The application of TAD in standard MD calculations may require the development of dedicated force fields to emulate the missing flexibility by a reparametrization of the non-bonded potential. This is not necessary for its application in NMR structure calculation, because the energy parameters developed for this purpose already assume in most cases a rigid covalent geometry, either by employing high force constants or by using only torsion angles as degrees of freedom. The advantage of TAD is that the geometry of the molecule does not have to be maintained by high force constants, which lead to high vibrational frequencies. Therefore, longer time steps at higher temperatures can be used with TAD, and the refinement protocols are numerically more stable.

C. Folding Random Structures by Simulated Annealing

Various simulated annealing protocols have been suggested to fold random structures with experimental restraints. The choice of starting structure determines the optimal protocol. The most obvious choices are random distributions of dihedral angles (as indicated in Fig. 2). The minimization procedure has to try to avoid entanglement of the chain while properly relaxing large forces in the starting conformation, which could arise from overlapping atoms or distance restraints violated by a large amount. This is achieved by a combination of soft non-bonded interactions, a violation-tolerant form of the distance restraint potential, and high temperature dynamics.

To achieve convergence with an annealing protocol using Cartesian dynamics, multistage generalized annealing protocols were introduced (Fig. 5). The first stage is a high temperature search where the molecule adopts approximately the correct fold. In this stage, the non-bonded interactions are reduced to allow the chain to intersect itself, and the representation of the non-bonded interactions may be further simplified by computing them for only a fraction of the atoms. The protocol is also adaptable to ambiguous restraint lists by a specifically reduced weight wambig on the ADRs [20], which is varied independently of wunambig (see Fig. 5). A detailed description can be found elsewhere [20].

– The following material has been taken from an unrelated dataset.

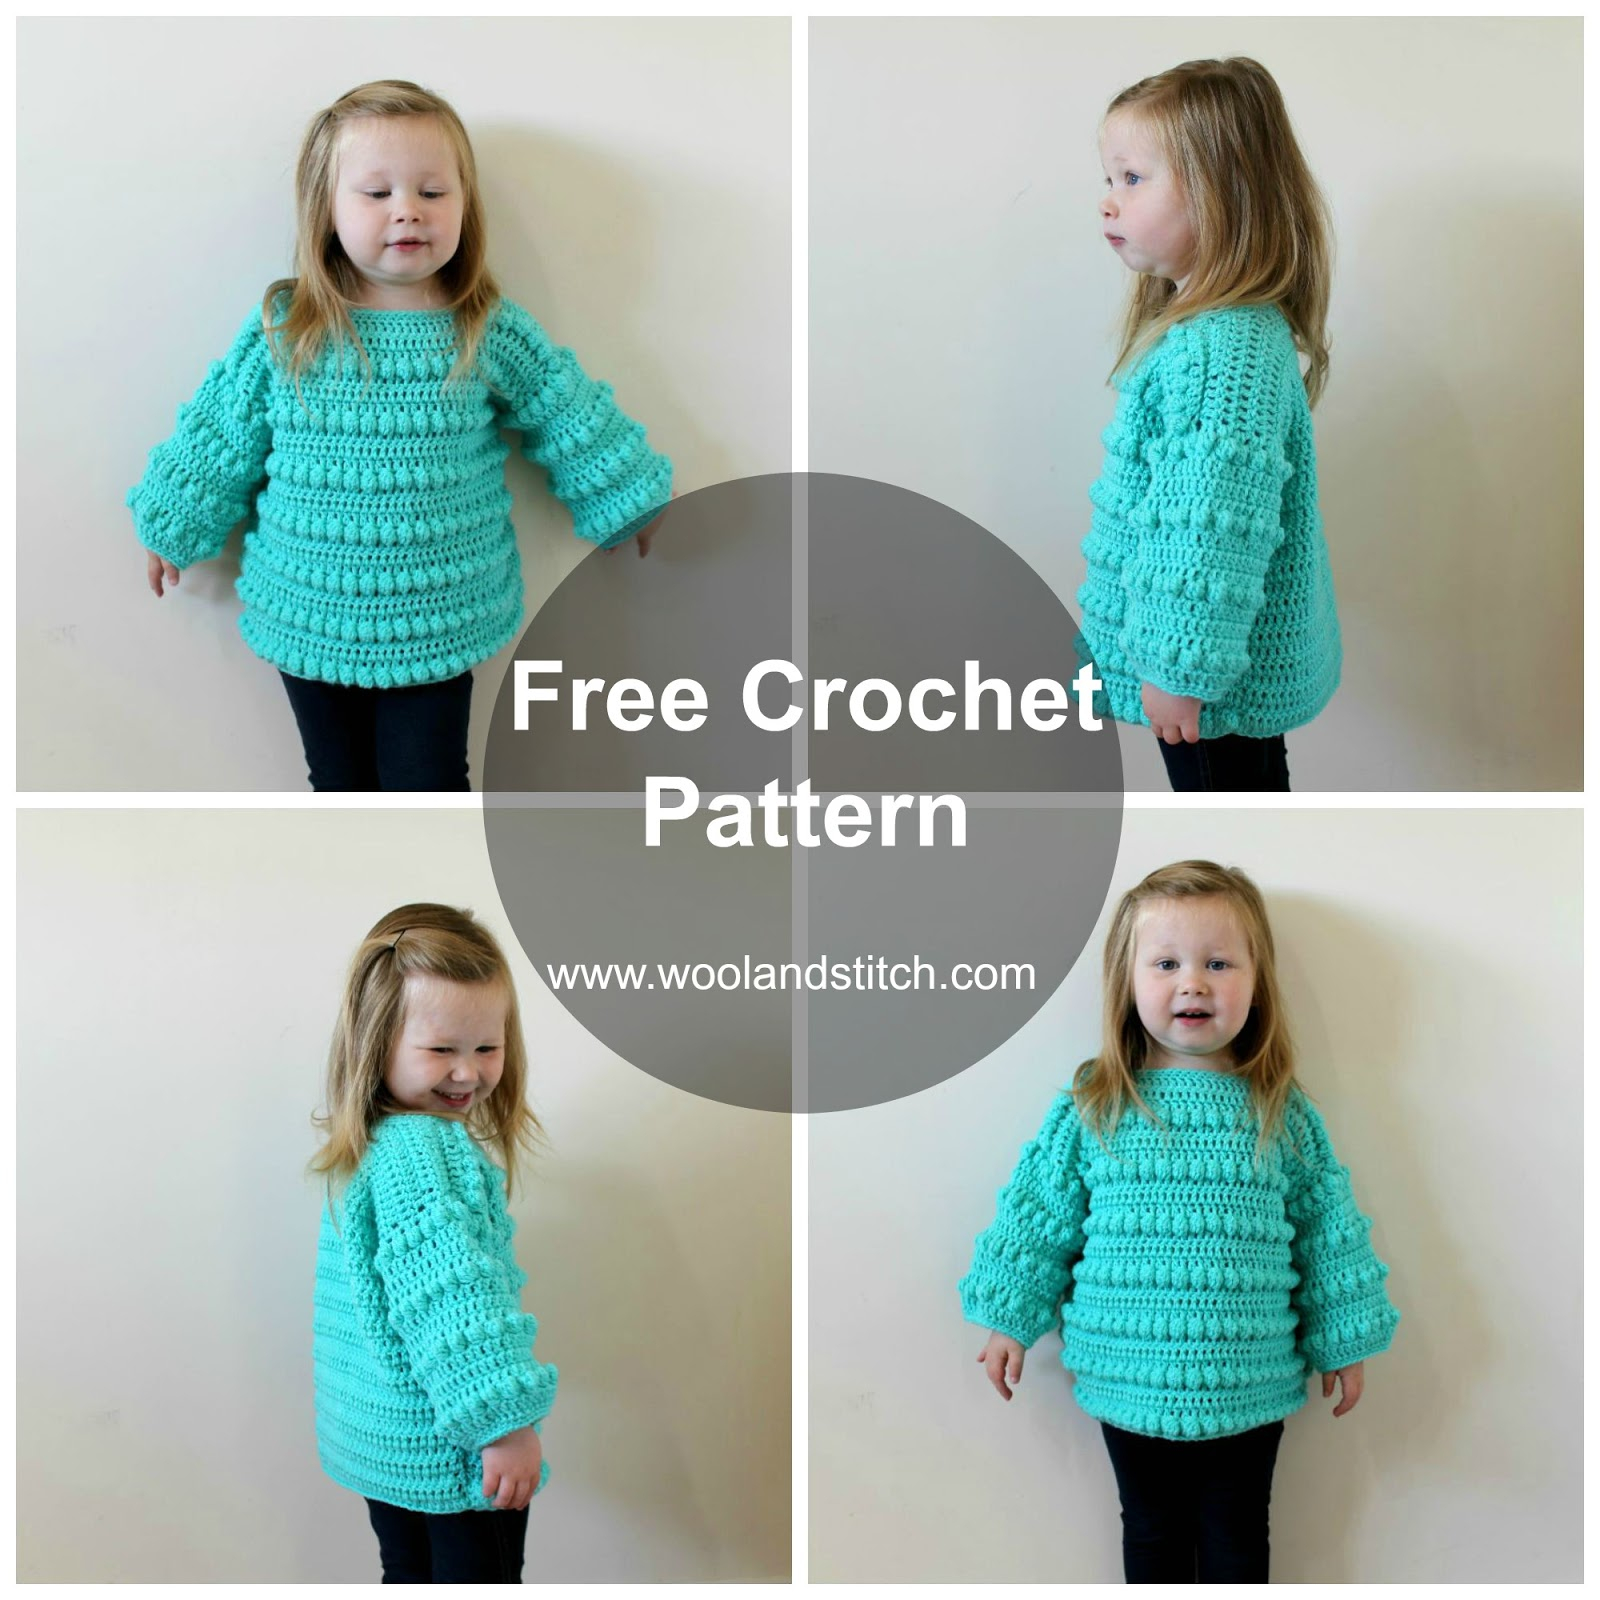 Free Crochet Sweater Patterns Mini Kids Bobble Sweater Free Crochet Pattern Wool And Stitch

With mostly unambiguous data, this protocol has been successfully used for proteins with up to 160 residues [62]. Although virtually all structures converge to the correct fold for small proteins, we observe that approximately one-third of the structures are misfolded for larger proteins, or for low data density, or many ambiguities (see, e.g., Ref. 63). We have also used this protocol for most structure calculations with the automated NOE assignment method ARIA discussed in the next section.

Calculations starting from random Cartesian coordinates and using standard Newton dynamics illustrate the flexibility of the generalized annealing approach. The extremely bad geometry of the initial structures requires that the weights on the covalent geometry terms start with very low values, which are then slowly increased during the calculation. All torsion angle terms (dihedral angles, planarity, and chirality) are removed from Ehybrid because of the difficulty in calculating them for random Cartesian structures. Enantiomer selection and regularization are necessary with this protocol much as they are with MMDG embedded structures. The principal advantage of the use of random Cartesian coordinates over that of random dihedral coordinates is that the former give better sampling for highly ambiguous data. The initial structure does not bias toward intraresidue or sequential assignments of ambiguous NOEs.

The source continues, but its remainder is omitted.